Intended use

This immunoassay kit allows for the use in vitro quantitative determination of human Protein S concentrations in cell culture supernates, serum, plasma and other biological fluids.

Introduction

Protein S is a vitamin K-dependent plasma glycoprotein synthesized in the liver. In the circulation, Protein S exists in two forms: a free form and a complex form bound to complement protein C4b.

The best characterized function of Protein S is its role in the anti coagulation pathway, it functions as a cofactor to Protein C in the inactivation of Factors Va and VIIIa. Only the free form has cofactor activity.

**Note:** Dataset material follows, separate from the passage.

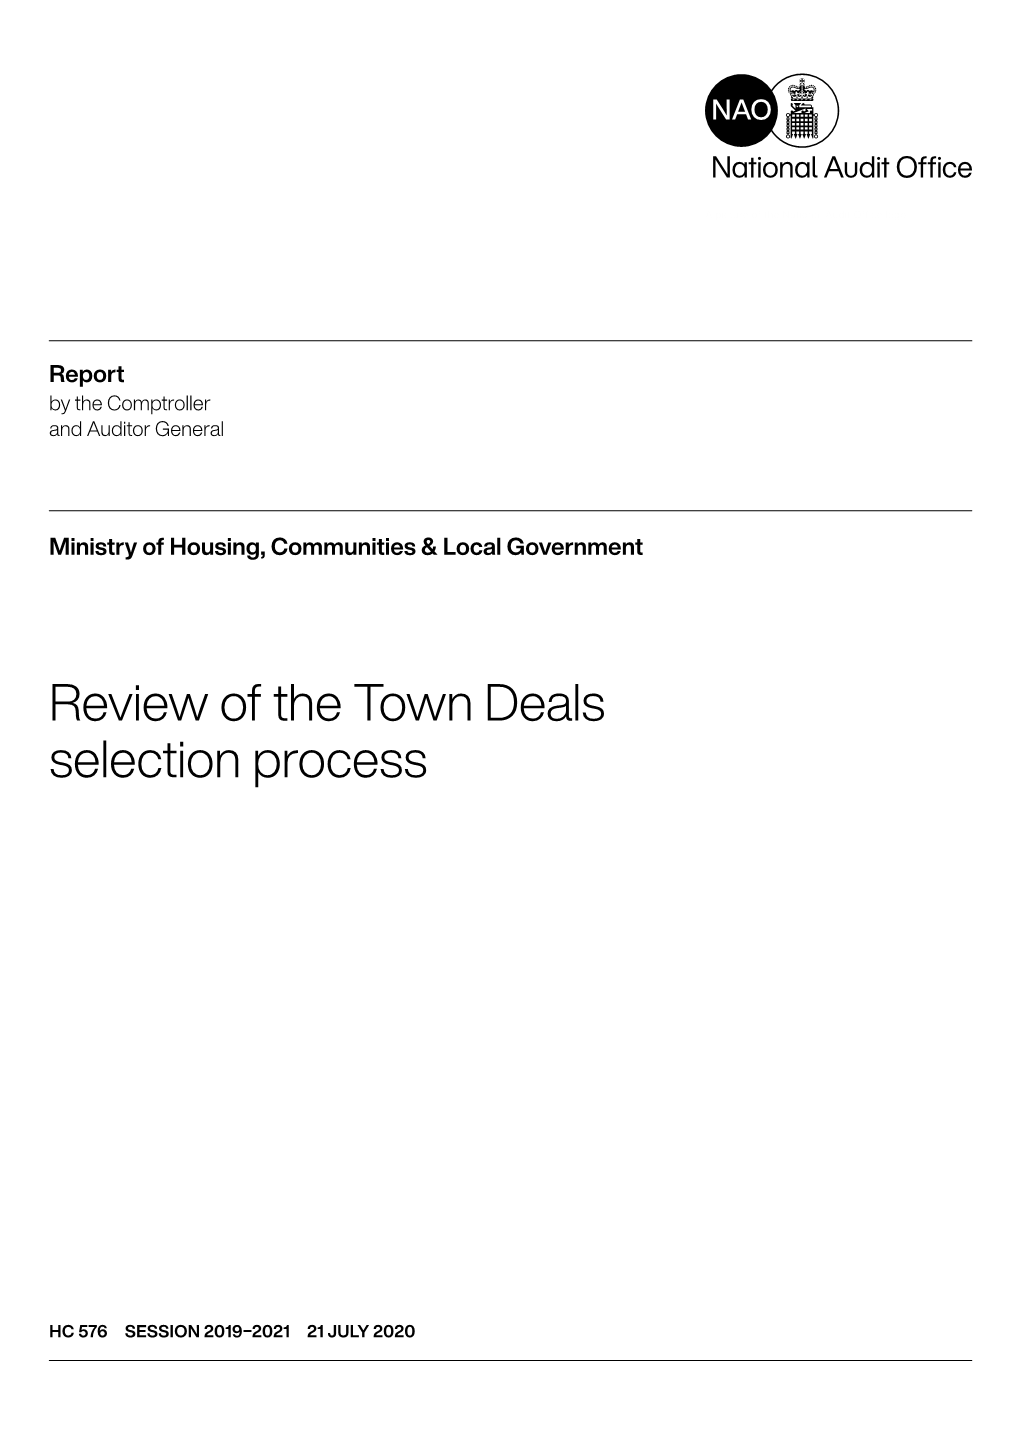 Review of the Towns Deals Selection Process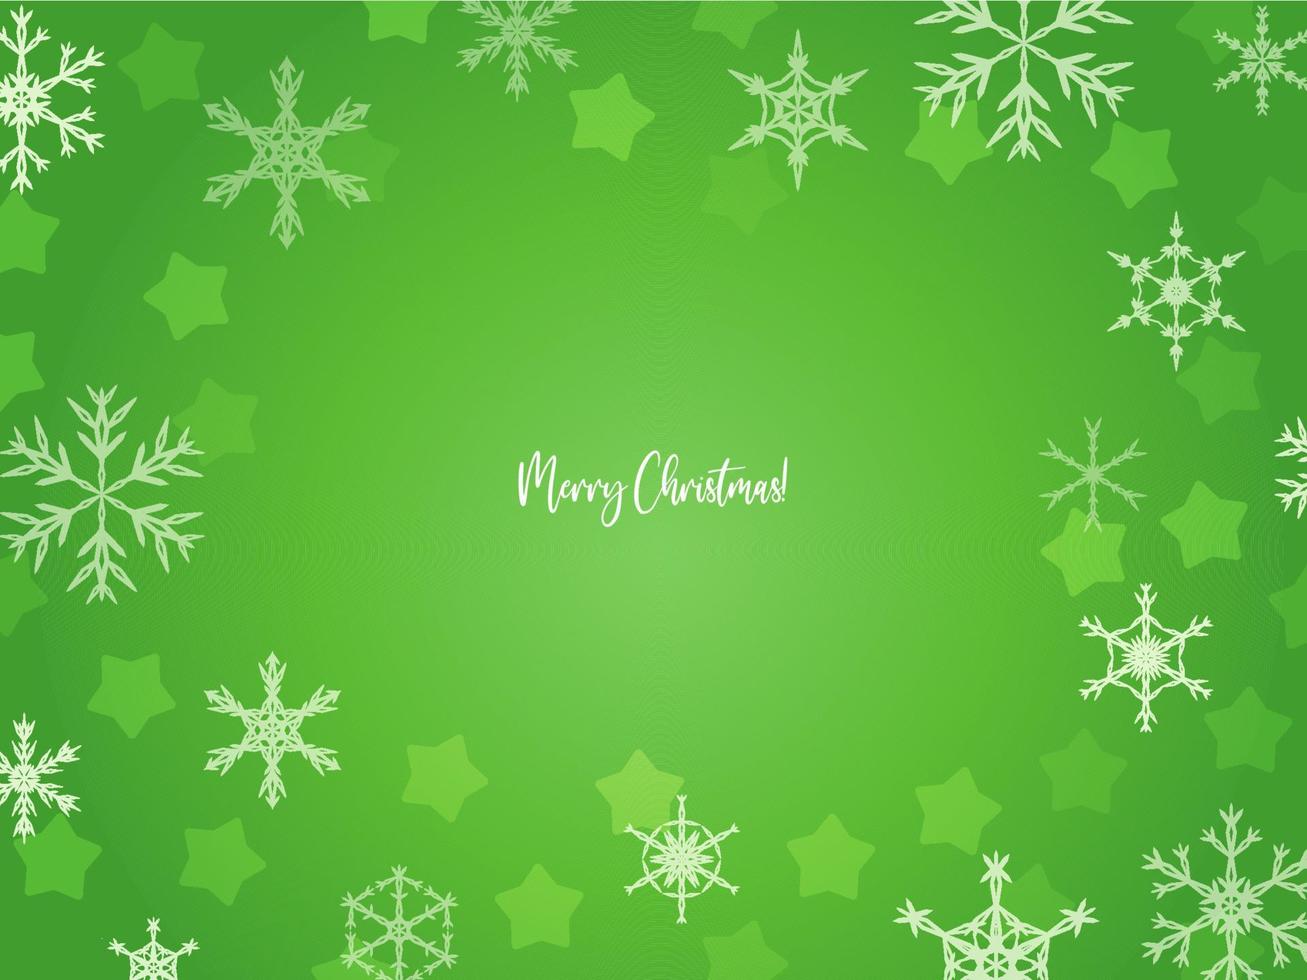 Abstract blurry green christmas background with snowflakes and stars. vector

Protein S can bind to negatively charged phospholipids via the carboxylated GLA domain. This property allows Protein S to function in the removal of cells which are undergoing apoptosis. Apoptosis is a form of cell death that is used by the body to remove unwanted or damaged cells from tissues. Cells which are apoptotic (ie. in the process of apoptosis) no longer actively manage the distribution of phospholipids in their outer membrane and hence begin to display negatively charged phospholipids, such as phosphatidyl serine, on the cell surface. In healthy cells, an ATP (Adenosine triphosphate)-dependent enzyme removes these from the outer leaflet of the cell membrane. These negatively charged phospholipids are recognized by phagocytes such as macrophages. Protein S can bind to the negatively charged phospholipids and function as a bridging molecule between the apoptotic cell and the phagocyte. The bridging property of Protein S enhances the phagocytosis of the apoptotic cell, allowing it to be removed cleanly without any symptoms of tissue damage such as inflammation occurring.

Test principle

The microtiter plate provided in this kit has been pre-coated with an antibody specific to Protein S. Standards or samples are then added to the appropriate microtiter plate wells with a biotin-conjugated polyclonal antibody preparation specific for Protein S and Avidin conjugated to Horseradish Peroxidase (HRP) is added to each microplate well and incubated. Then a TMB substrate solution is added to each well. Only those wells that contain Protein S, biotin-conjugated antibody and enzyme-conjugated Avidin will exhibit a change in color. The enzyme-substrate reaction is terminated by the addition of a sulphuric acid solution and the color change is measured spectrophotometrically at a wavelength of 450 nm ± 2 nm. The concentration of Protein S in the samples is then determined by comparing the O.D. of the samples to the standard curve.